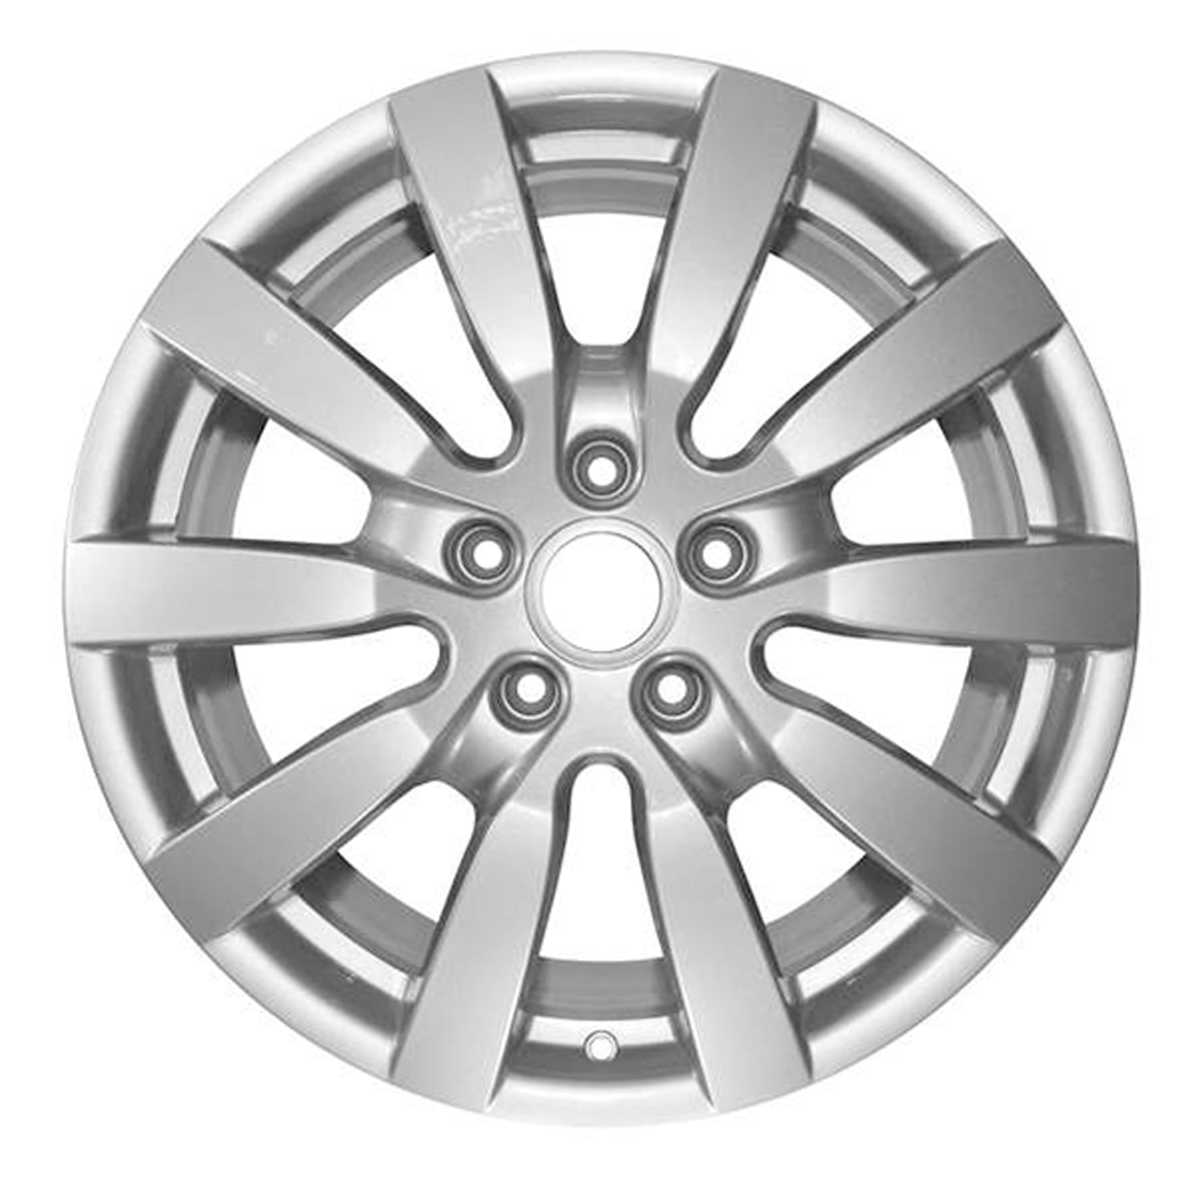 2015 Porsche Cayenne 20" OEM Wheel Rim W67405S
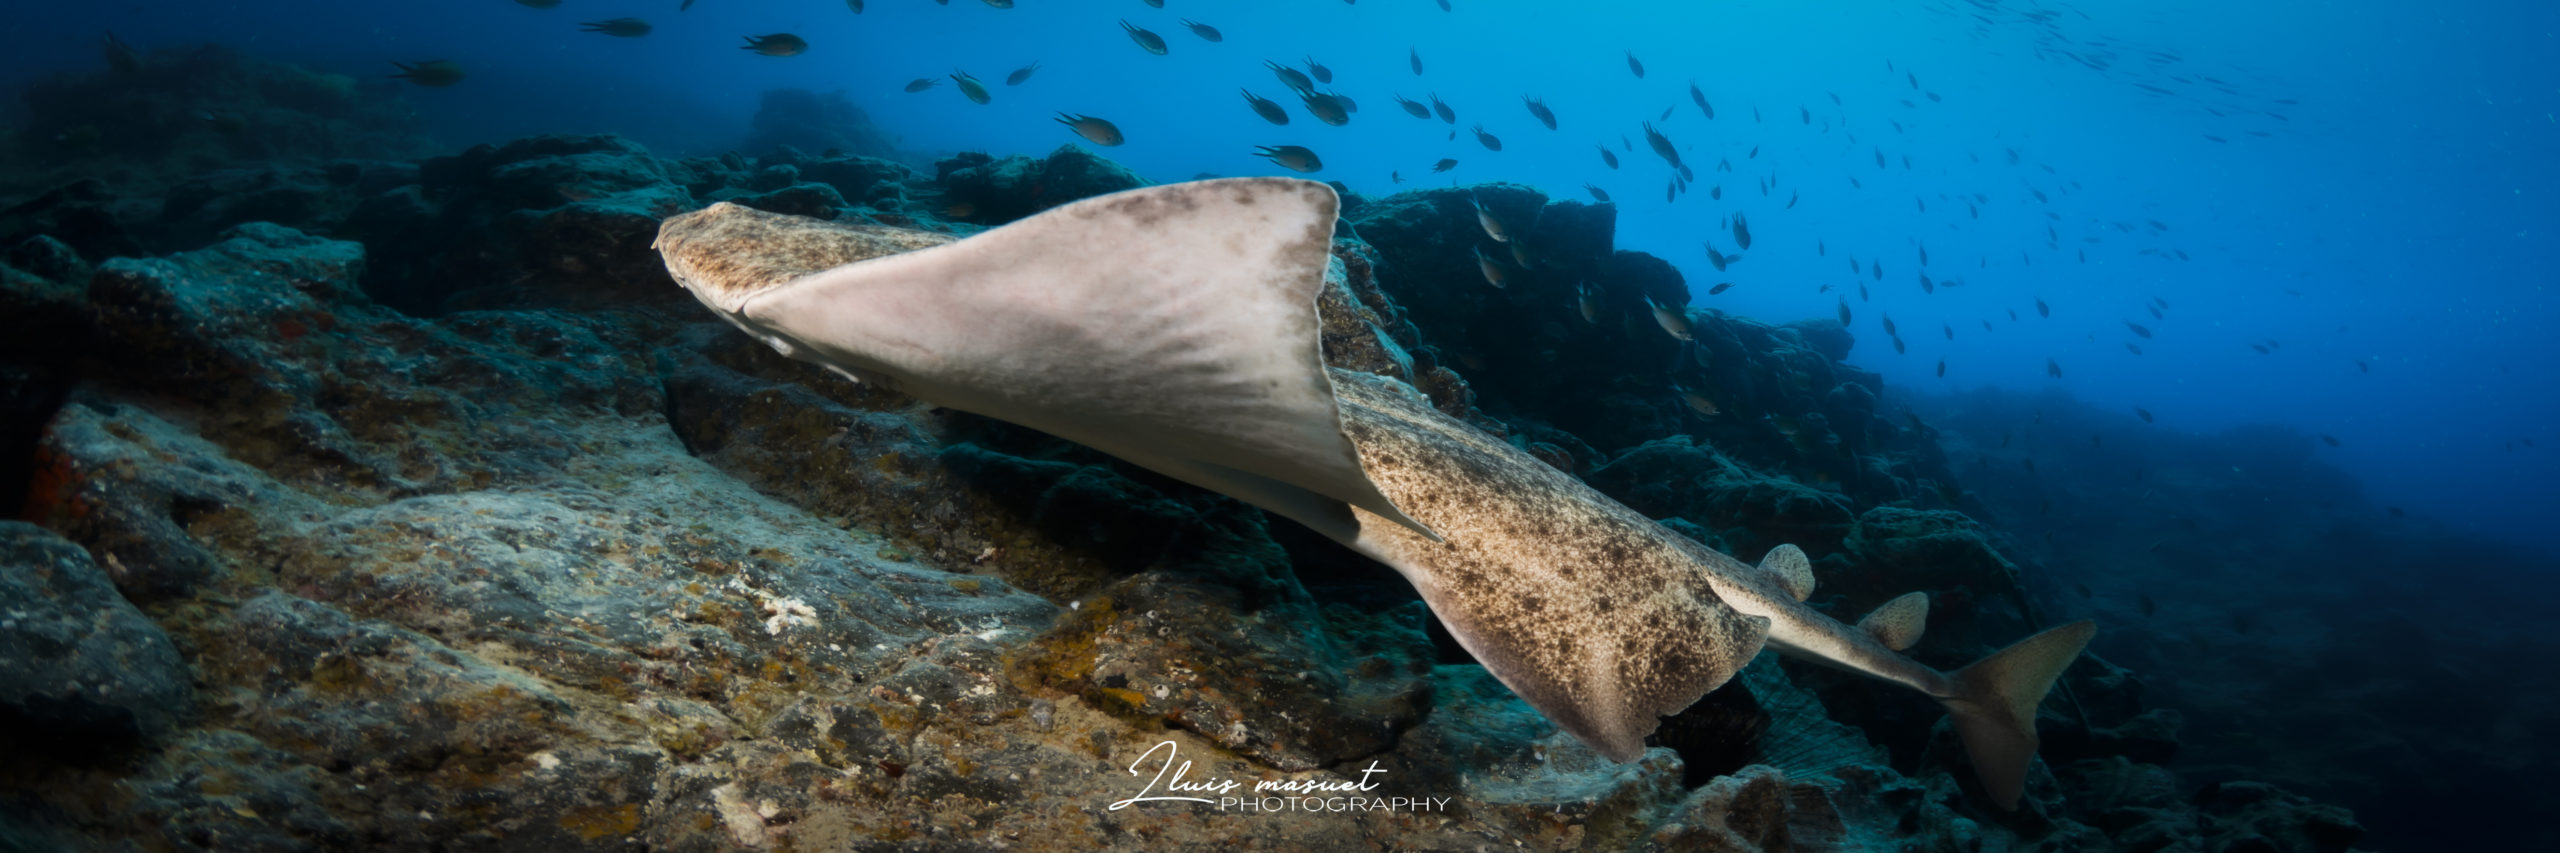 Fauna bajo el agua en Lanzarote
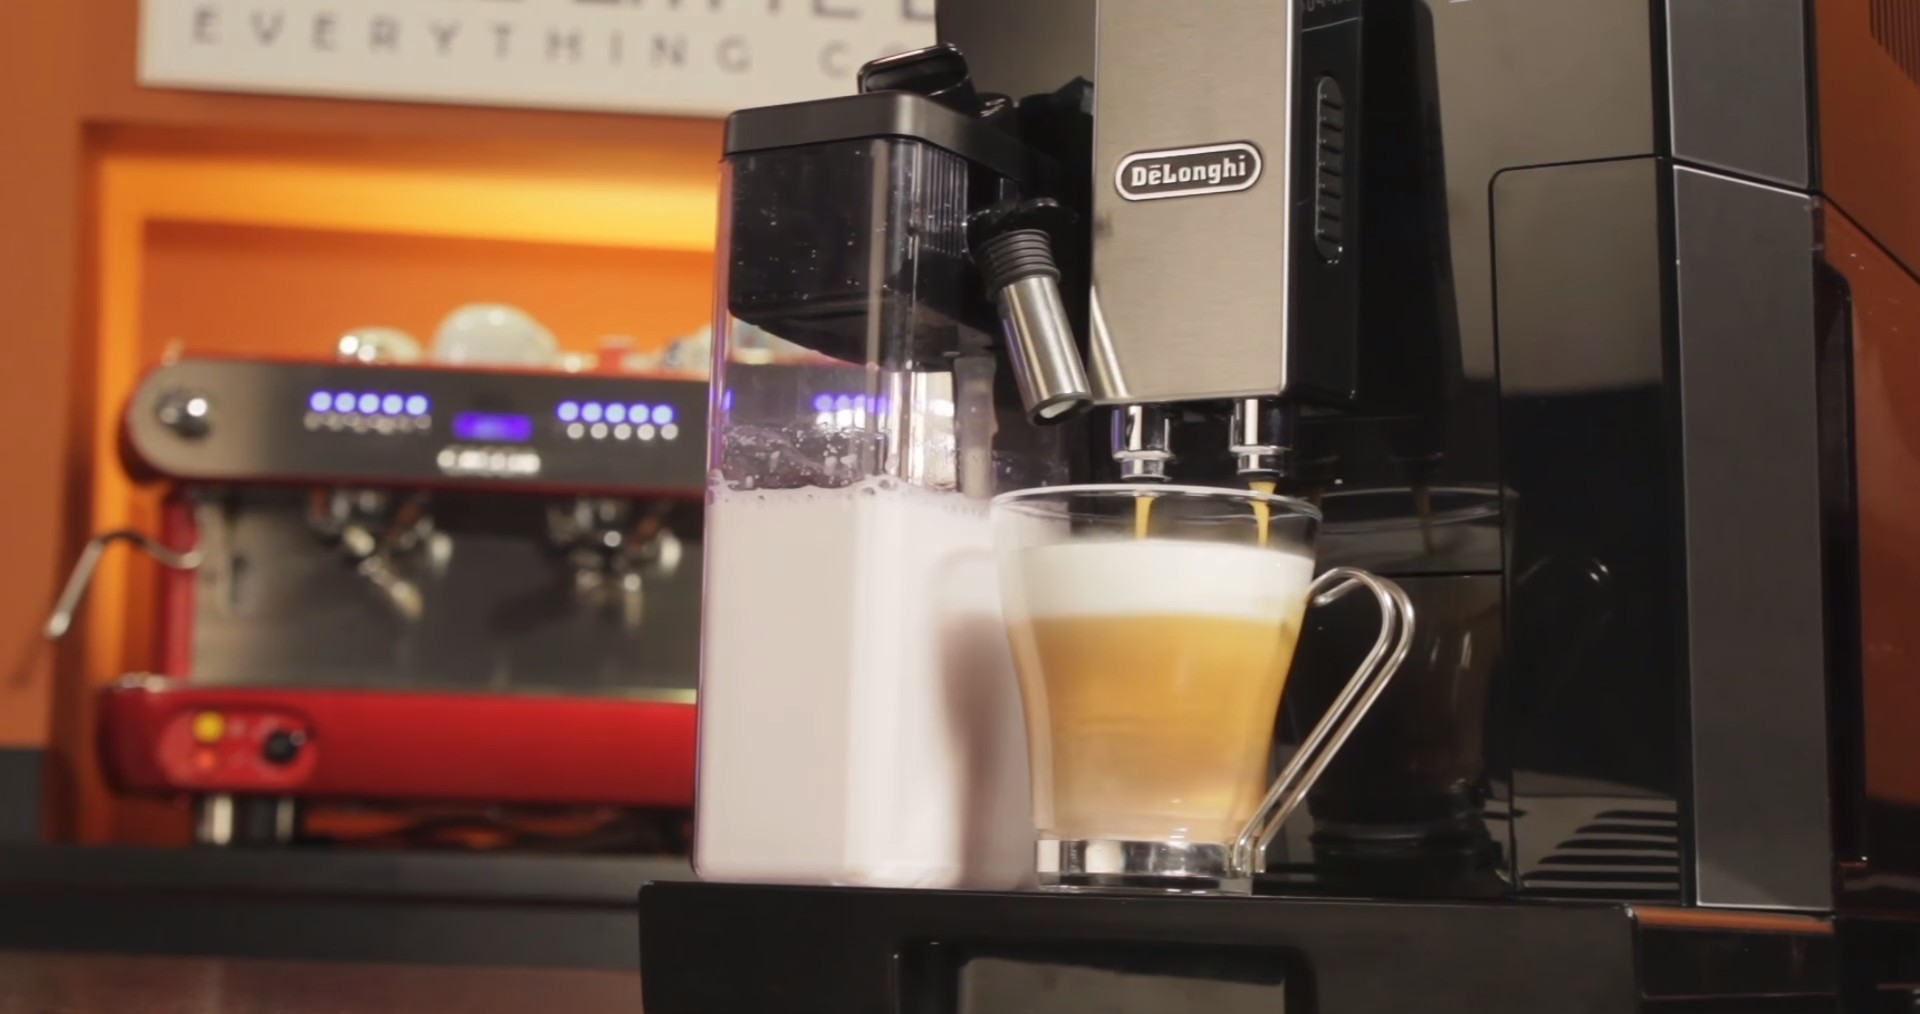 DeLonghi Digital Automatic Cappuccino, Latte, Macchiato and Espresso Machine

Activity:
Word-for-word output of the material above is needed, with the pictures left out.

Expected answer:
 2015 Porsche Cayenne 20" OEM Wheel Rim W67405S
 Fauna bajo el agua en Lanzarote
 DeLonghi Digital Automatic Cappuccino, Latte, Macchiato and Espresso Machine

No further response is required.